Participants for whom the proctectomy proved curative for their fistula described positive outcomes, with relief being a common thread, as well as a sense of ‘having their life back’. They did however express that the decision-making was complicated as they perceived a lot of stigma related to the stoma.

Theme 3: Negative Impact on Wellbeing

Several issues including the mere presence of a fistula and the symptoms related to it, and having to undergo fistula treatment, had various, often negative impacts on participant’s sense of wellbeing. The key sub-themes that emerged were:

• Emotional consequences

• Physical restrictions and impacts

• Social and work-related concerns

(i) Emotional consequences

Participants described wide-ranging emotional consequences of living with CD-related perianal fistulas, including impact on mental health, body image and self-confidence.

Mental health effects included worry, anxiety, feeling low or depressed, and mental exhaustion. Feelings of embarrassment often arose due to the fistula/seton and its location in an intimate area, leading to feelings of ‘not being normal’. Some participants described significant changes in personality and outlook and two participants described periods of significantly low mood and suicidal ideation driven by the burden of living with a fistula—both sought therapy and had or could overcome these periods:

The mental side of it, for me, is massive. It’s probably the hardest part for me to deal with. But I’m trying to deal with it every day. So that’s why it gets so hard. (P4).

Some participants felt more optimistic during periods of reduced symptom burden and decreased need for treatments, describing hopefulness, positive outlook, and acceptance. Positive interactions with health specialists, and strong support networks and relationships as well as online support groups often contributed to positive emotions:

There’s a fantastic closed group for fistula, American-based, but I think there’s about a thousand people in it, roughly and it’s amazing. There are people there who are just patients themselves but are very, very knowledgeable. And you will always get an answer for something or a suggestion or even if it’s just, “I understand.” (P11).

However, in some cases a necessitated increased reliance on others during periods of increased symptom burden led some to feelings of guilt and other negative emotions including feelings of depression.

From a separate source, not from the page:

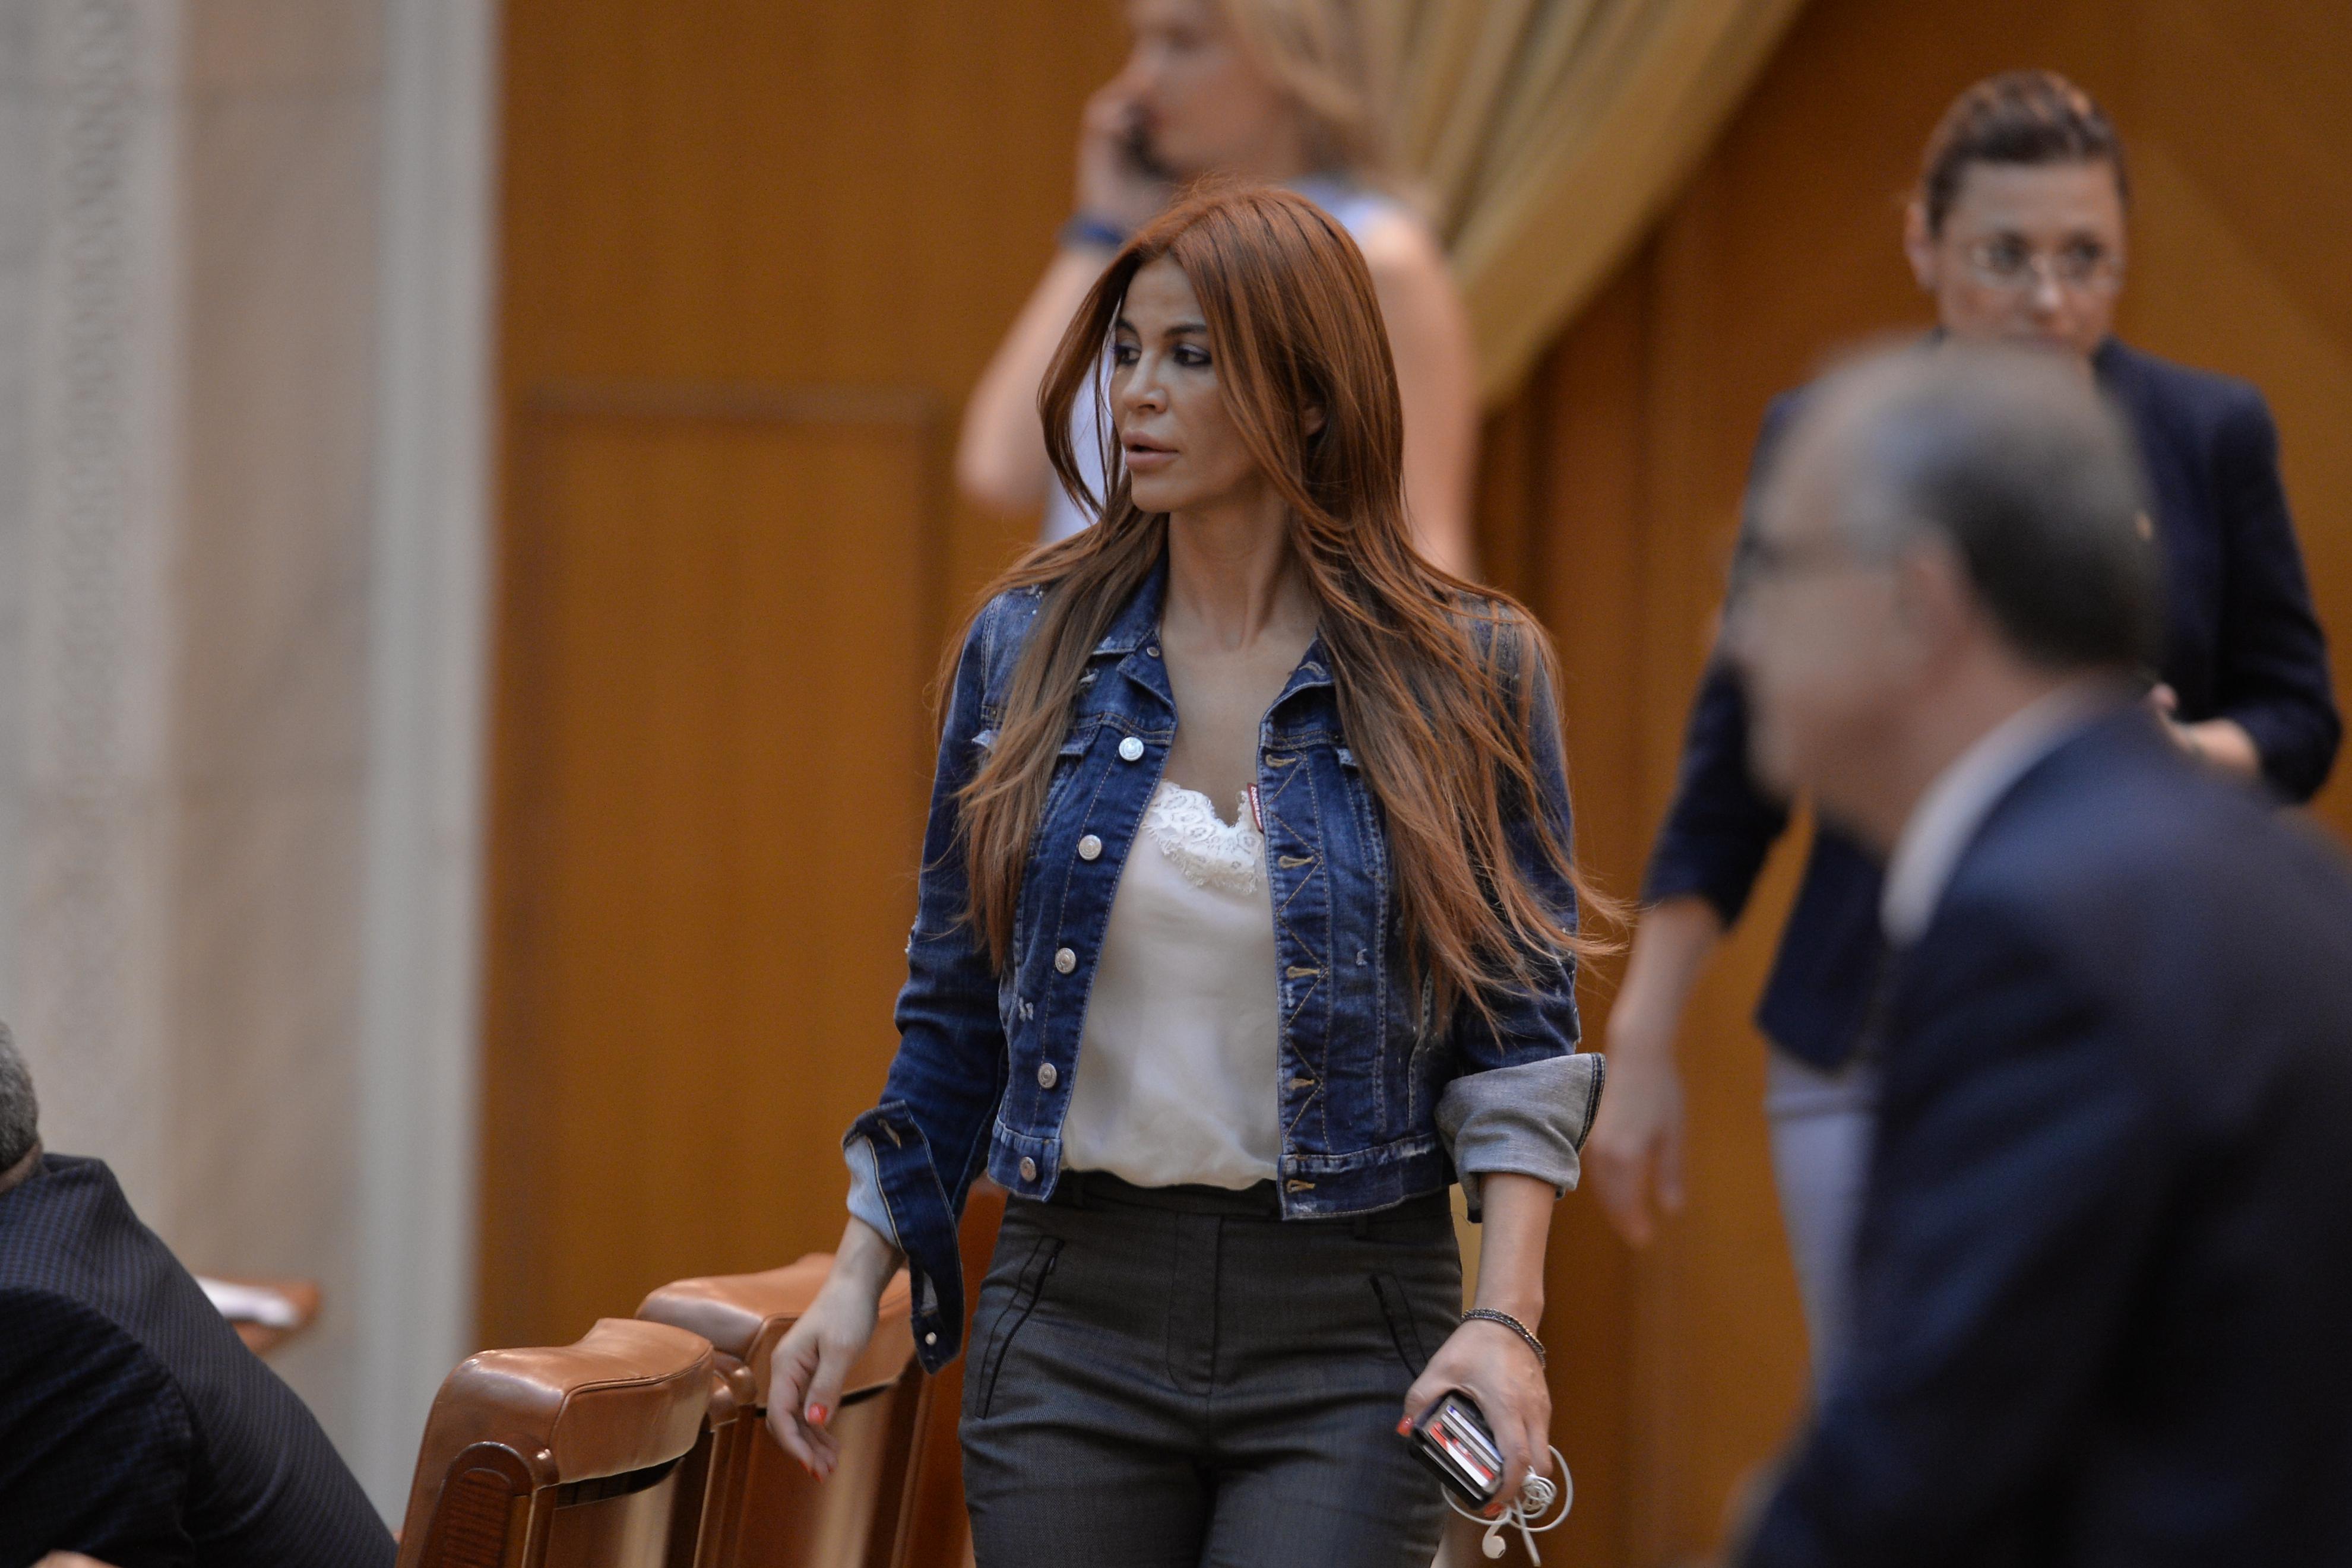 Deputatul Andreea Cosma, plângere penală împotriva procurorului Negulescu. Parlamentarul solicită şi despăgubiri materiale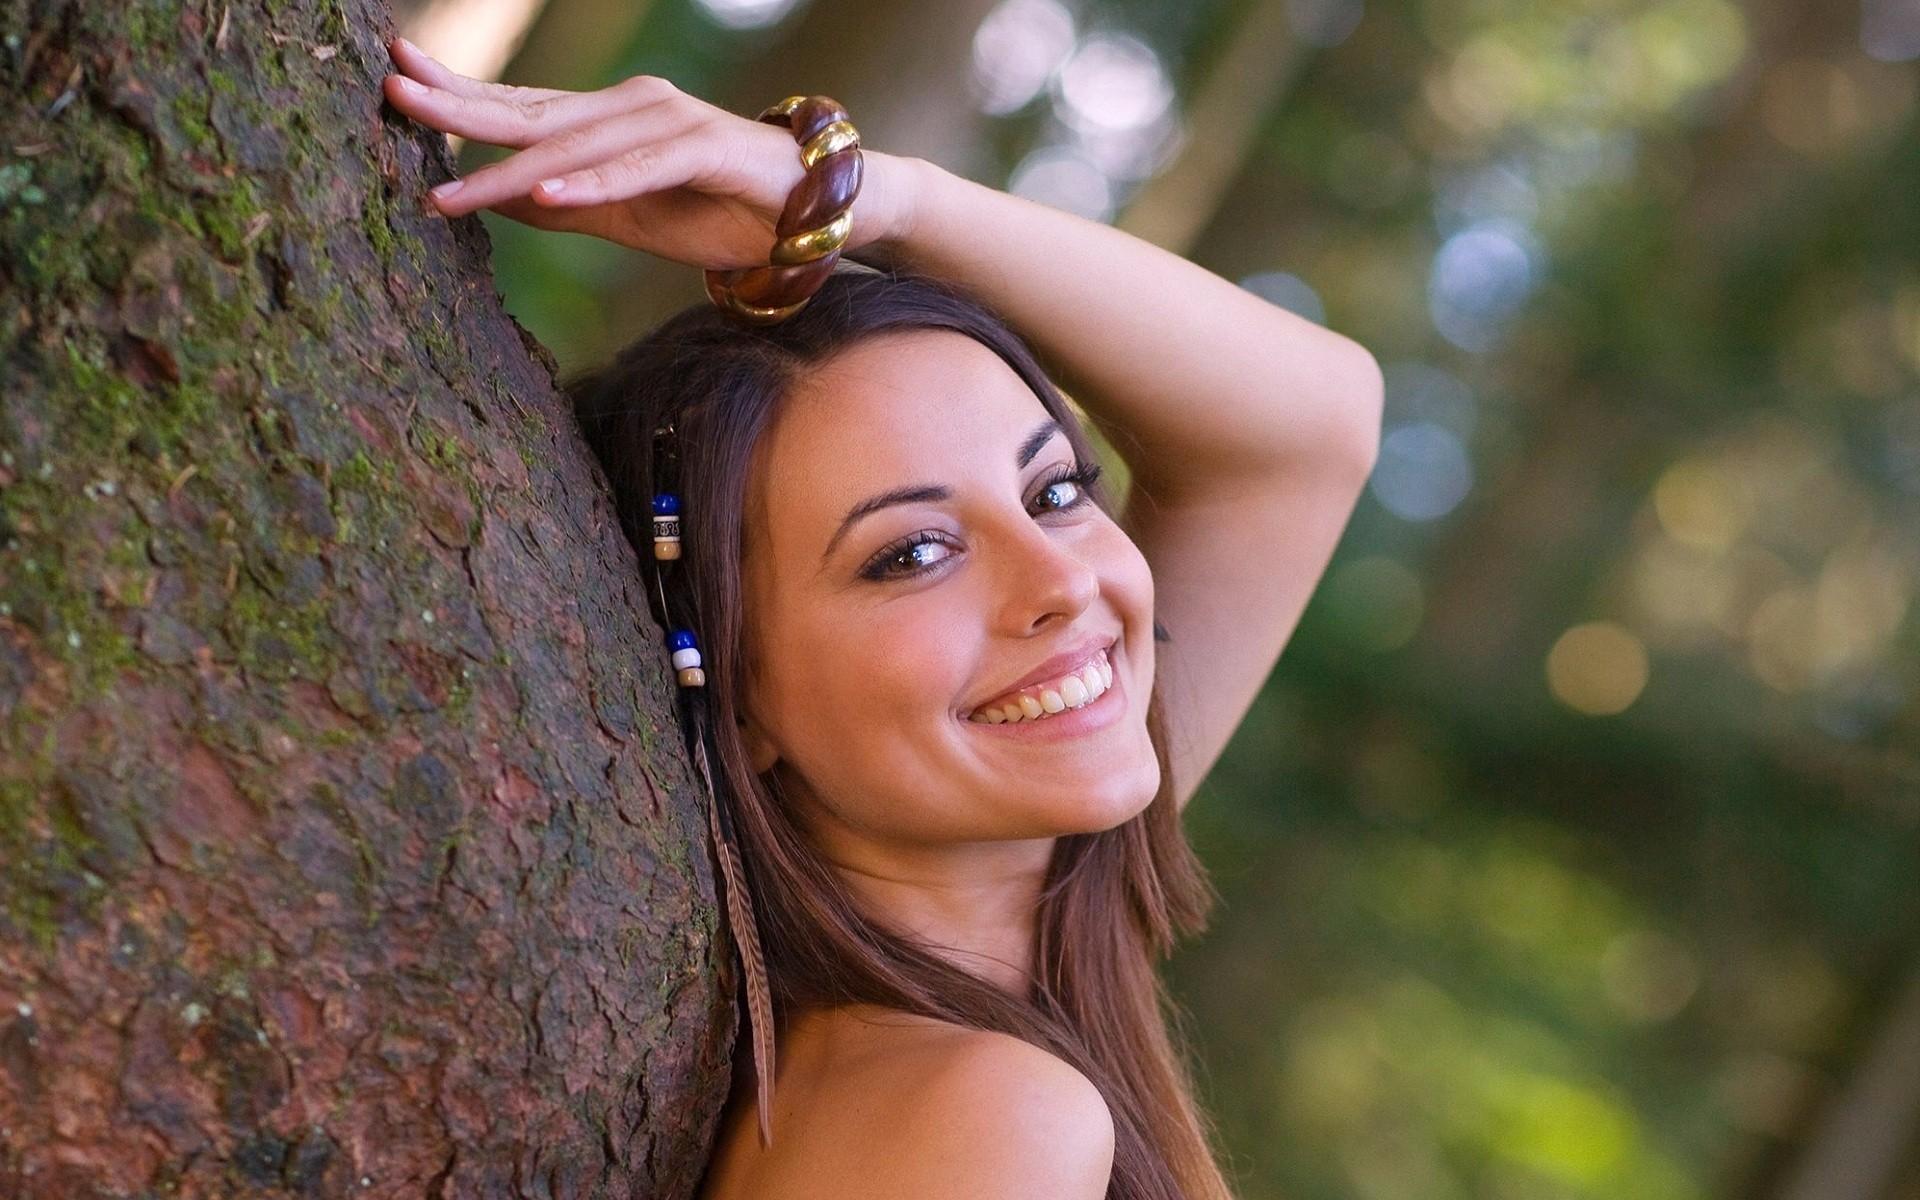 Una chica sonriendo - 1920x1200

As well as impacting on mental health, living with a fistula was also potentially detrimental to some individual’s self-confidence and body image. Participants described that the presence of the fistula in an intimate part of the body, with the often-associated (and sometimes faecal) discharge, resulted in feelings of altered body image:

[The fistula] does attack your self-confidence a little bit … I don’t really want to see it – I know what’s happened to me, I don’t want to see it, I don’t want to deal with it. Everyone else has got to dress me anyway, and do the dressings, and just tell me whether it’s good or bad. And I’ve kind of kept with that. And it does make me upset. I have seen it once, and I don’t like the appearance of it. (P2).

Scarring arising from surgical procedures also contributed to the sense of altered body image, while the presence of setons (particularly the bulkier silastic setons) contributed to participants feeling ‘abnormal’. These changes, combined with the need for pads/gauze or larger underwear for ‘hiding’ the changes, as well as restricted clothing options for some, led to feelings of reduced self-confidence and negative perceived body image:

You just want to look normal down there… I think because I have [the fistula] and it’s made me feel ugly, then it makes me start obsessing about other areas of my appearance (P9).

Many participants explained that they could not wear tight clothing, as this increased the discomfort they experienced from their fistula, and women in particular reported feeling limited in the choice of outfits available to them, further impacting on their sense of self, confidence and self-esteem:

You have to pick what clothing you wear – leggings can start infection, because they’re tight. Then, you’ve got to wear everything loose, which is a nightmare (P2).

There was considerable concern about risk of clothing being stained and the need to choose clothing colours specifically to mask any unpredictable discharge:

My knickers are constantly ruined because it’s, my, the leakage is, is going through my knickers or my brother’s boxers, if I wear his. Towels. I feel like towels just aren’t clean, because I’m constantly—it’s like yellow and green infection all over your belongings. I mean dark clothes are a definite. (P12).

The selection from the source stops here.